Dataset extract -
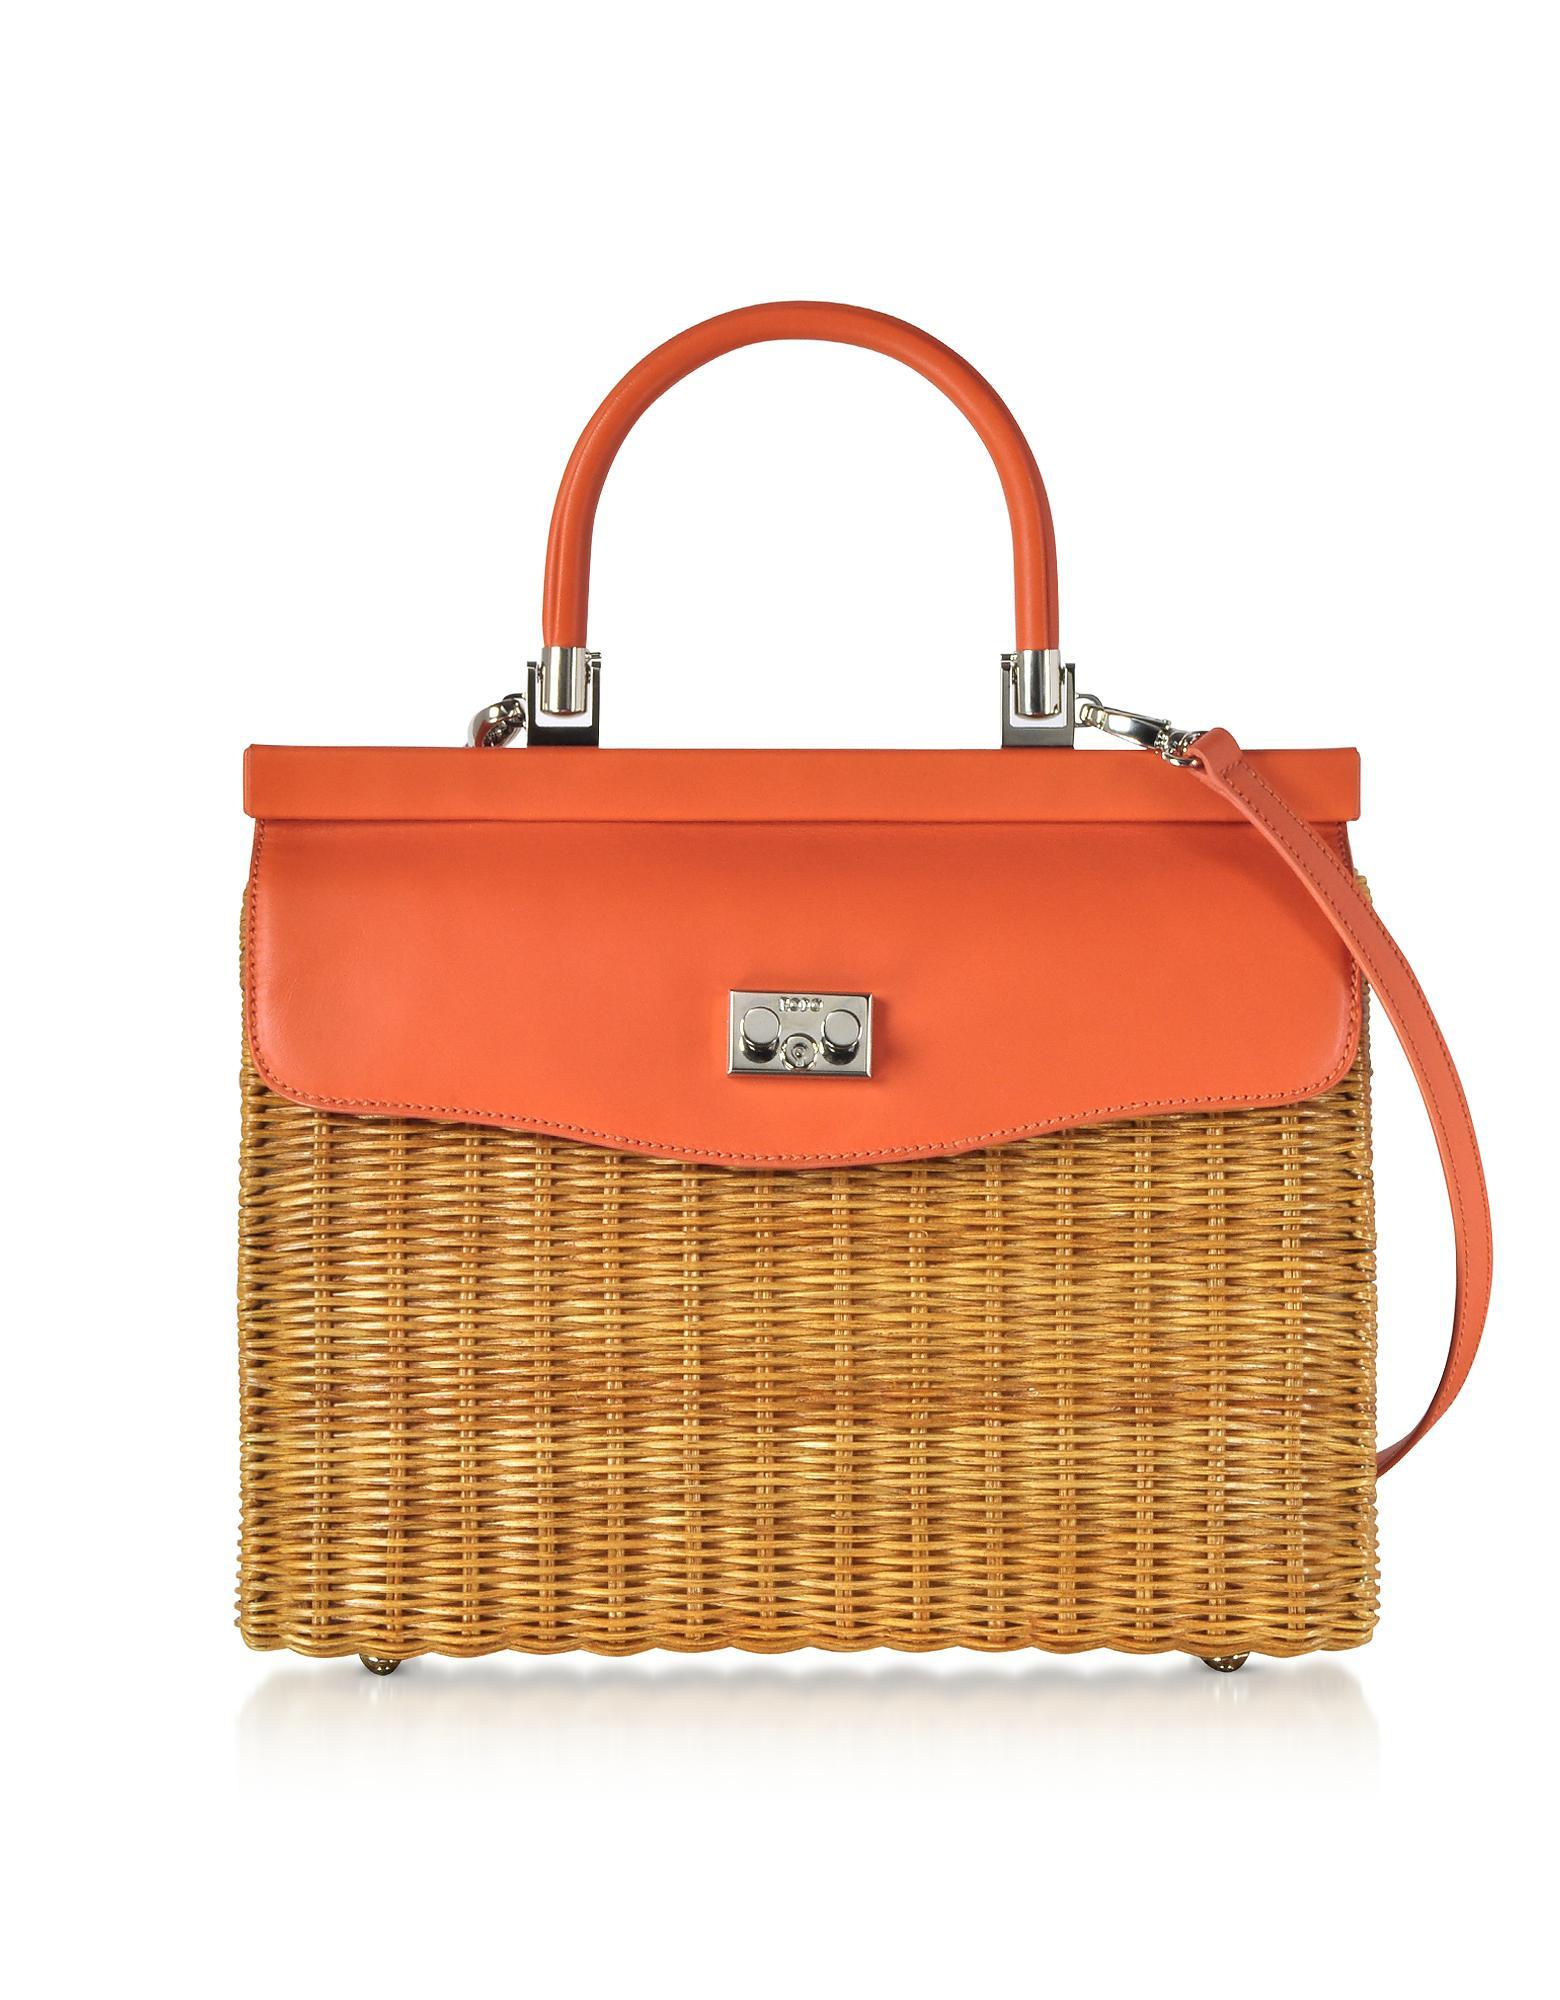 9c74e8726220e Rodo - Orange Large Leather And Wicker Midollina Satchel Bag - Lyst
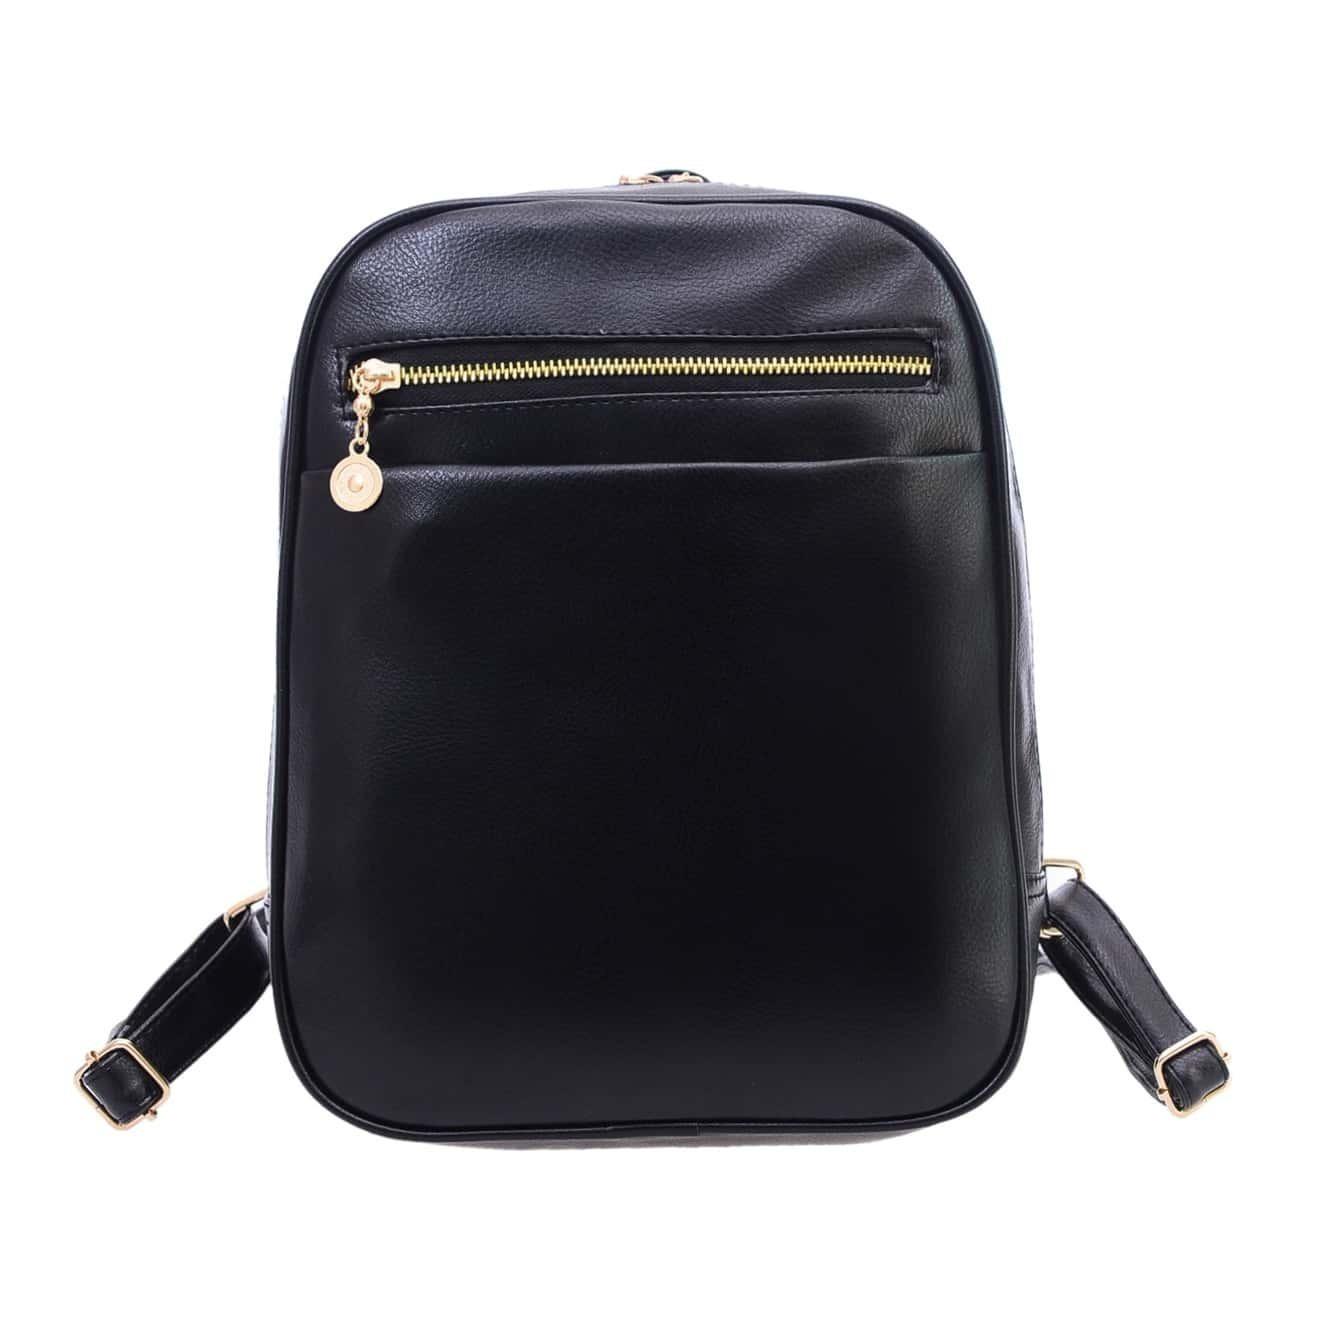 sac dos en similicuir avec zip noir french romwe. Black Bedroom Furniture Sets. Home Design Ideas
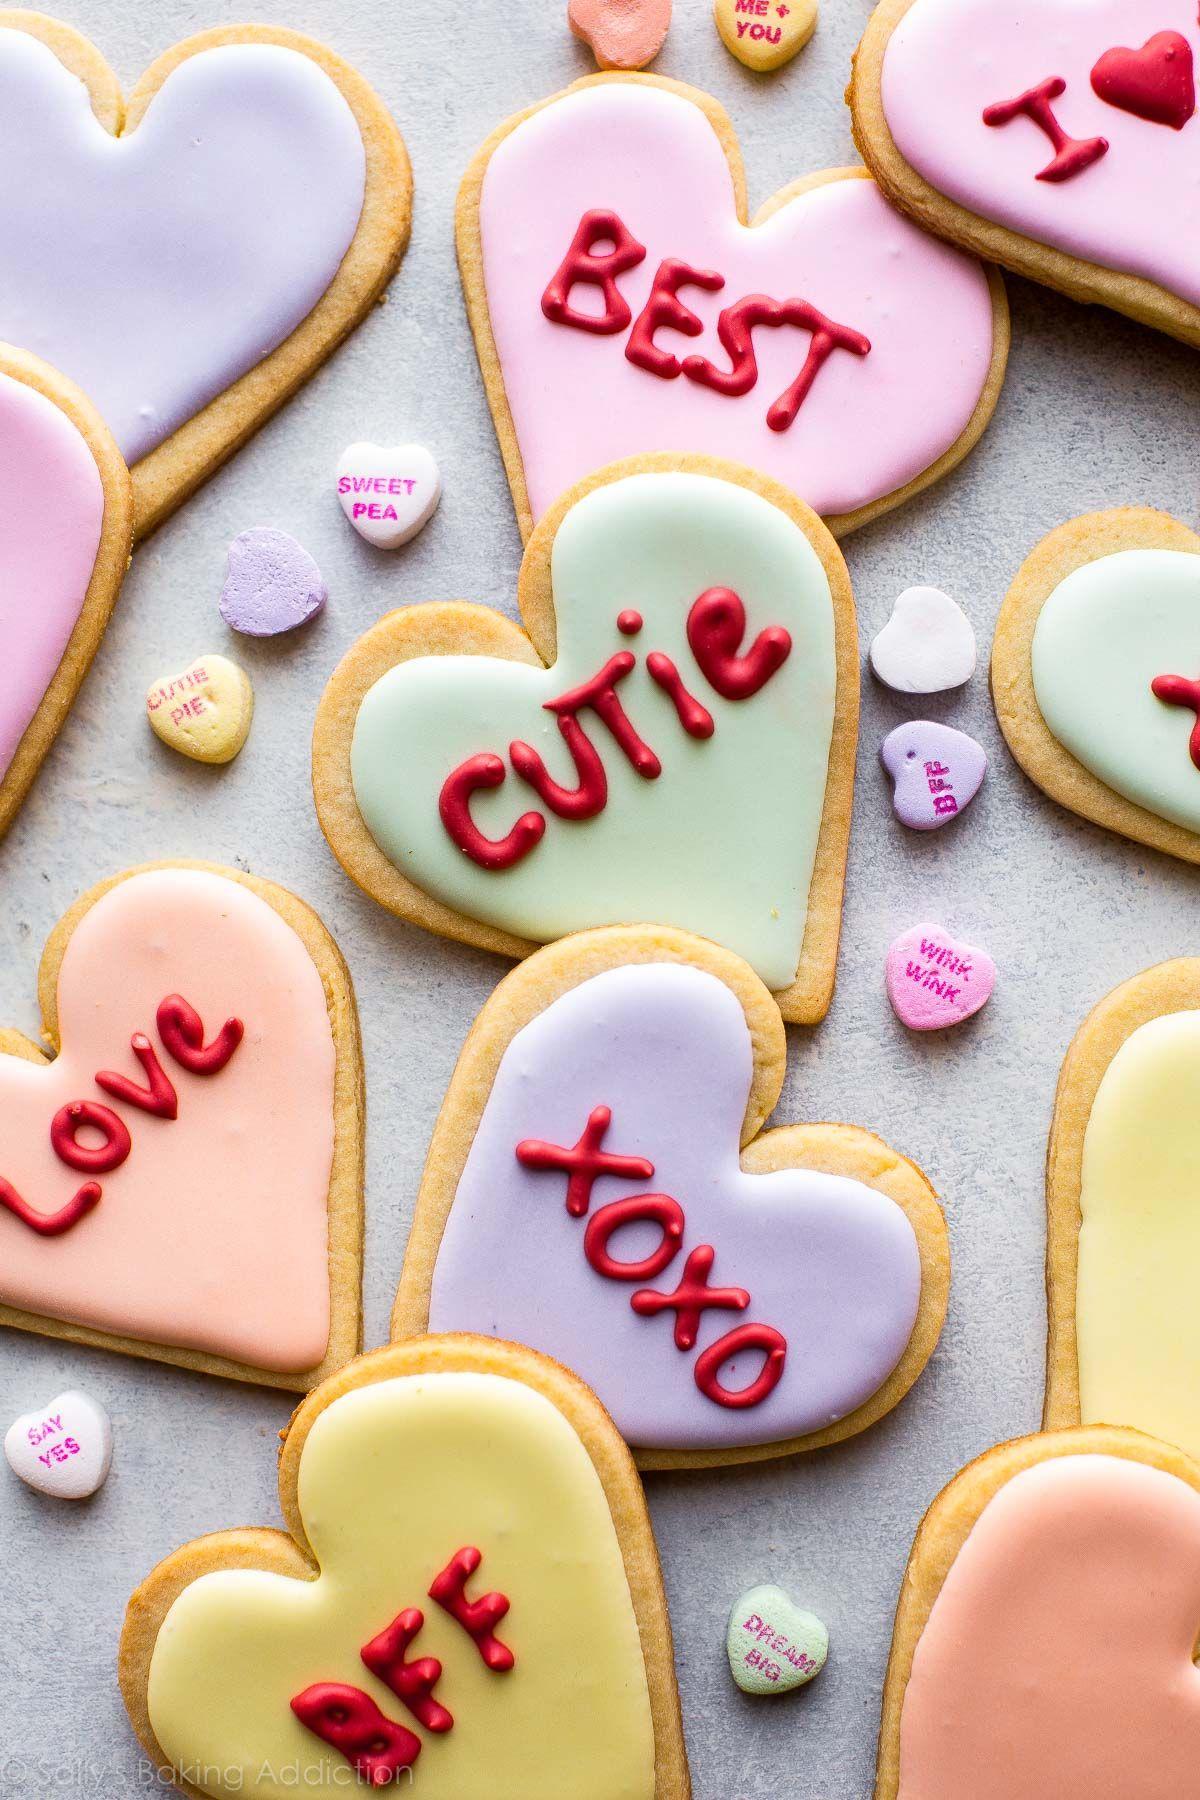 decorated conversation heart sugar cookies for valentine s day recipe on sallysbakingaddiction c valentine sugar cookies heart sugar cookie valentine desserts decorated conversation heart sugar

Problem requirements - Repeat the listing verbatim without its pictures.

Expected answer -
 9c74e8726220e Rodo - Orange Large Leather And Wicker Midollina Satchel Bag - Lyst
 sac dos en similicuir avec zip noir french romwe. Black Bedroom Furniture Sets. Home Design Ideas
 decorated conversation heart sugar cookies for valentine s day recipe on sallysbakingaddiction c valentine sugar cookies heart sugar cookie valentine desserts decorated conversation heart sugar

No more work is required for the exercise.